Cruea works in all forms of poetry, but often uses free verse.
“I can’t ever start a piece and be like, this is what the poem is going to be about, and then write it. Otherwise I feel like you limit yourself a little bit,” she said. “Usually I’ll find, like, an interesting word or an interesting phrase that I start thinking about. I almost become a little bit obsessed with it.”
‘I’ve got to write this down’
She went with something familiar for the topic of her winning poem: her younger brother’s battle with cancer. Conner, who is a senior at Findlay High School, was diagnosed with primary bone lymphoma in 2015.
“At the time when I wrote this in January, I was struggling with this whole thing,” she said.
Cruea said doctors determined that his arm would be “too brittle” after treatment to play baseball.
“He, at the time, his sophomore year, had been playing for varsity on baseball and doing so well,” she said. “And for a 17-year-old boy, that’s your identity, that’s all you have,” she said. “You go to baseball practice. That’s where your friends are. That’s how you grow and learn to be a leader and come into yourself and it was gone.”
Cruea said she found herself wondering why this had happened to her brother.
“This poor kid has so much ahead of him and is spending his high school year going to Columbus every single day to get radiation treatment and is losing the one thing that he found right now that he likes,” she said. “The unfairness of that situation was so ridiculous.”
Conner was successfully treated with three rounds of chemotherapy and three weeks of radiation. He is now in remission, Cruea said.
The title of the poem came from him, she said. Conner plans to major in pre-med and biology at Ohio Northern next year. He hopes to be an oncologist.
“He was explaining, you have red and yellow marrow in your bone. The red is your blood cells, the important stuff. But the yellow marrow is like fat, so it’s stuff you don’t need as much,” Cruea said. “And he said to me, ‘the yellow marrow doesn’t matter, basically.’ And I was like, ‘I’ve got to write this down.’ That’s where it stemmed from.”
Writing the poem happened quickly, but editing it was extremely hard, she said.
“It was already a lot of stuff I was feeling pretty intensely and I was still processing it, I think, myself,” she said.
Cruea worked with Moore on editing to make sure the piece was as clear as possible.
“I wanted to make sure it portrayed what I wanted it, to not only the people who were reading it in general, but what I wanted to say to him (Conner) through the poem itself,” she said.

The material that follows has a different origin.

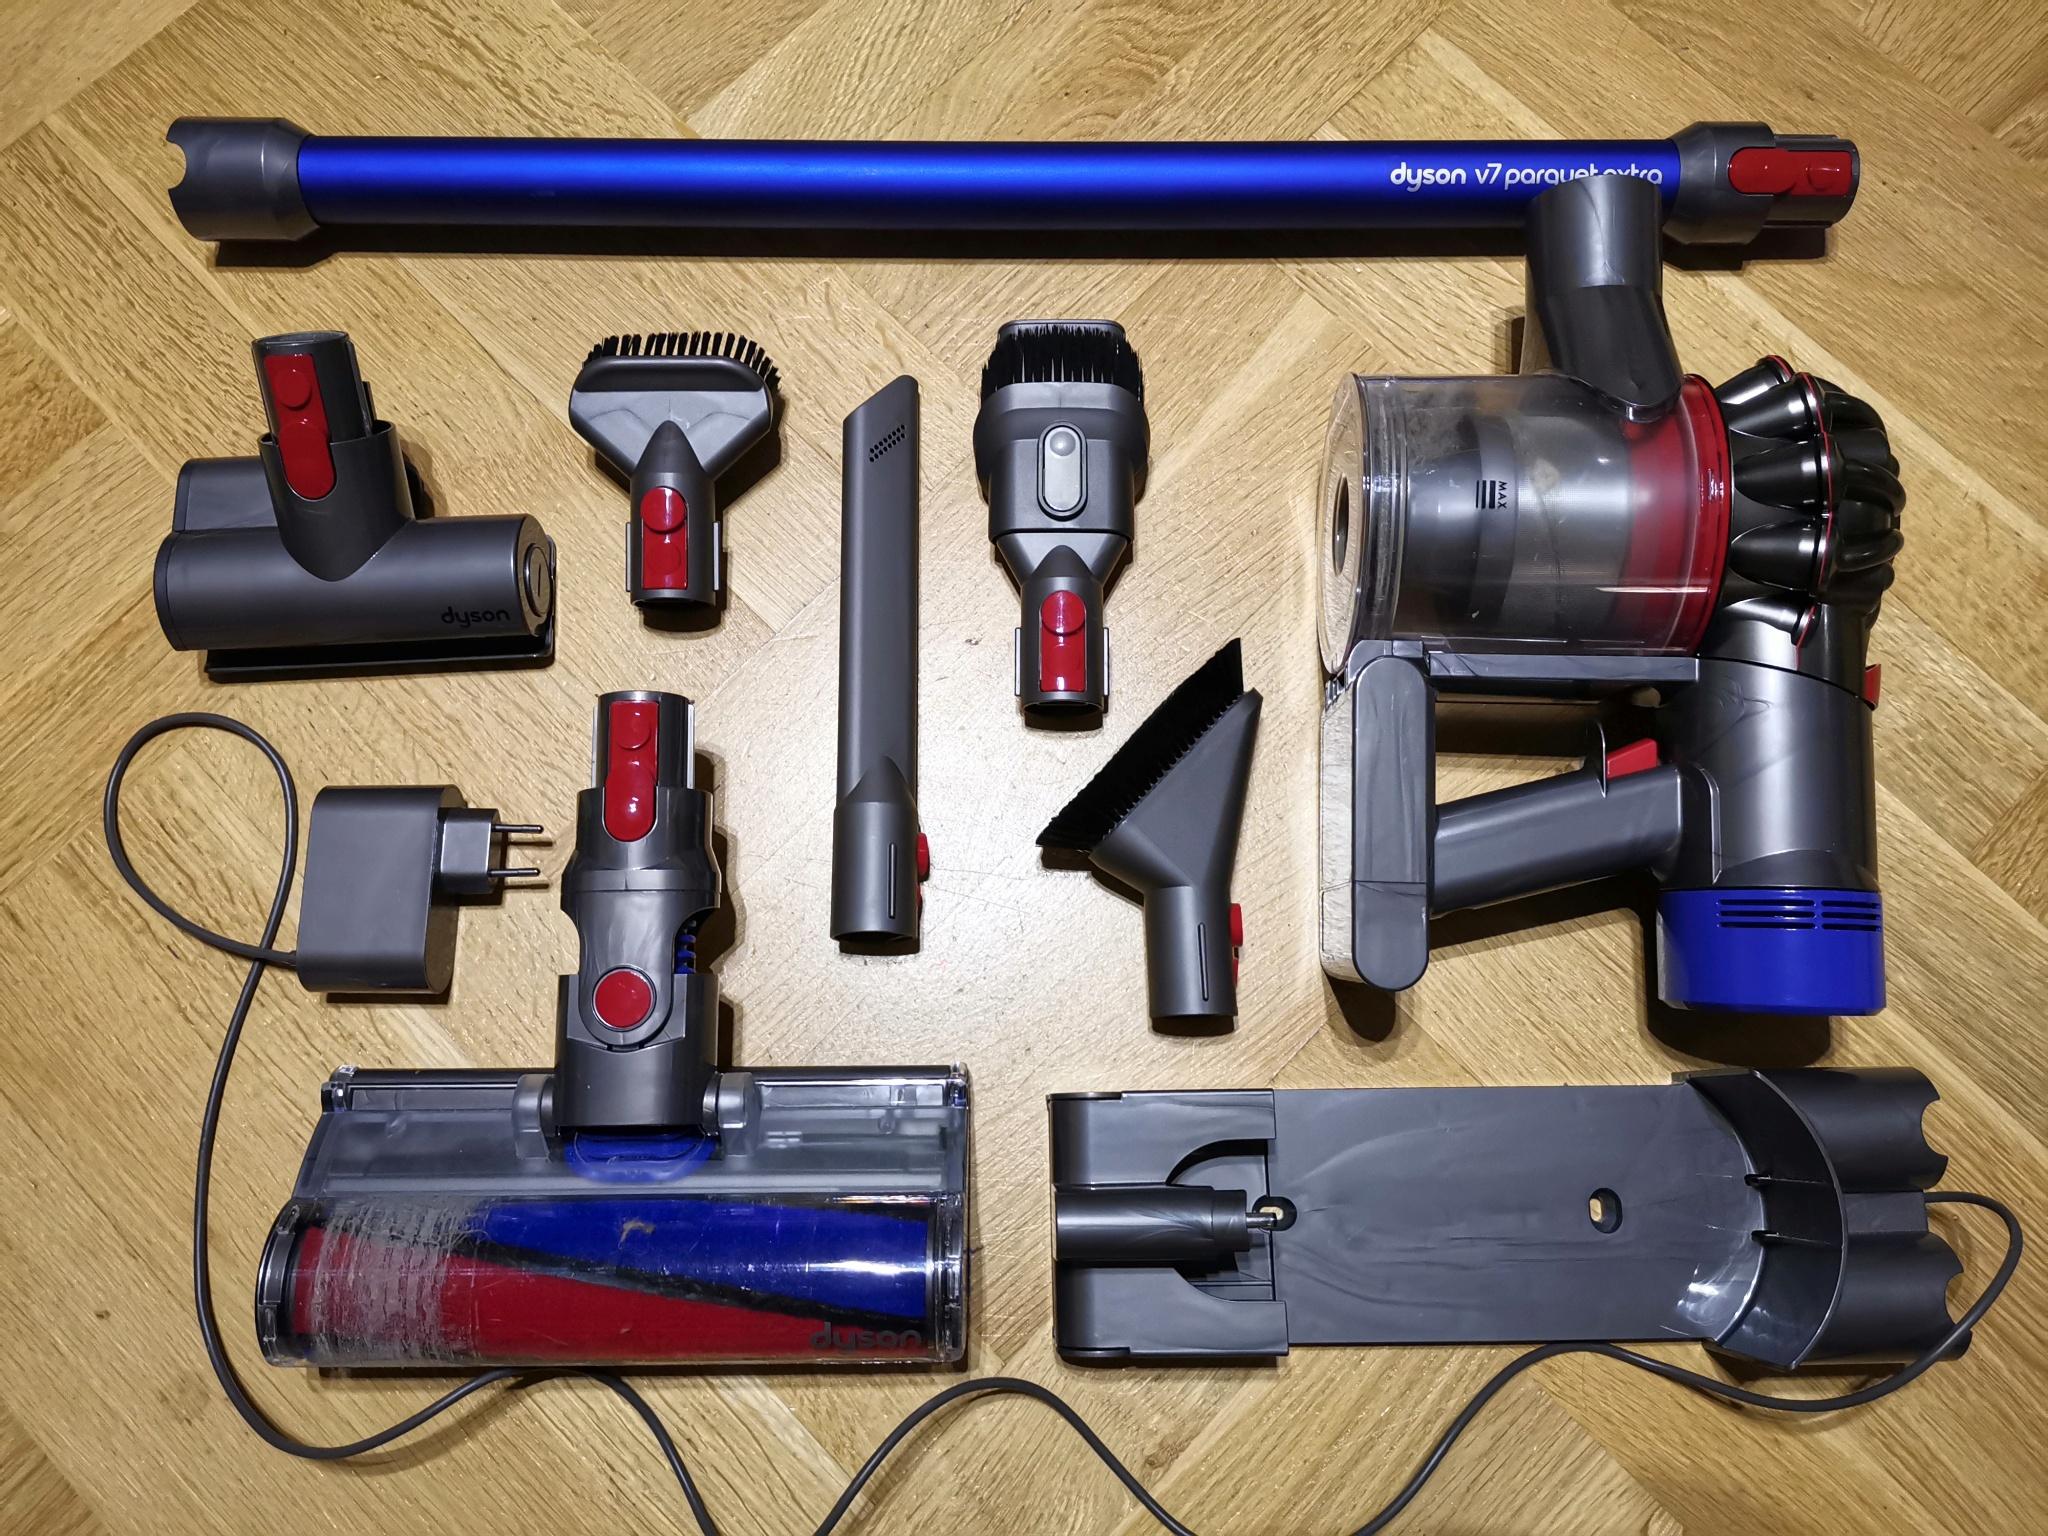 Dyson v7 reviews dyson vacuum cleaners dc59
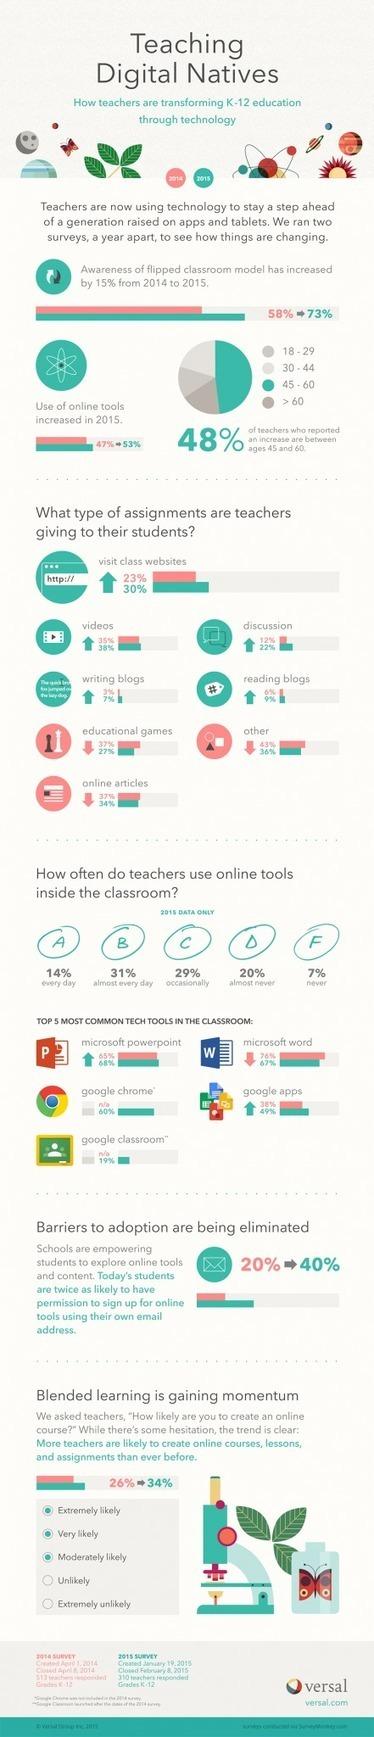 Teaching Digital Natives Infographic | ICT Integration in Australian Schools | Scoop.it

The poem was one of six submissions she sent to The Adroit Journal.
Founded in 2010 by poet Peter LaBerge, the journal strives to showcase what its global staff sees as the future of poetry, prose and art.
A few days after submitting her entries for general publication, Cruea received an email from LaBerge, telling her the staff liked her pieces and wanted to submit them for consideration in the journal’s annual contest.
“I was like, of course, absolutely. I was really excited. At the time I thought, at least I’m being considered. I was just happy to have that,” she said.
Cruea learned her poem was the winning entry in late February.
“I just wasn’t expecting it whatsoever,” she said. “I remember calling my parents, and it was so exciting and surreal.”
“After reading the comments that the judge wrote about my poem, and reading that thousands of people had submitted to this, that’s when it really started to set in,” she said.
“Out of all these things, I was so lucky to be selected.”
While there’s no monetary award associated with the prize, Cruea said winning will help her when it comes time to apply for graduate school.
“Me winning this was, like, something good came out of a really, really scary, stupid situation,” she said. “It gives me a level of validation and an edge that’s really going to help me for grad school, and I can’t be more grateful for that.”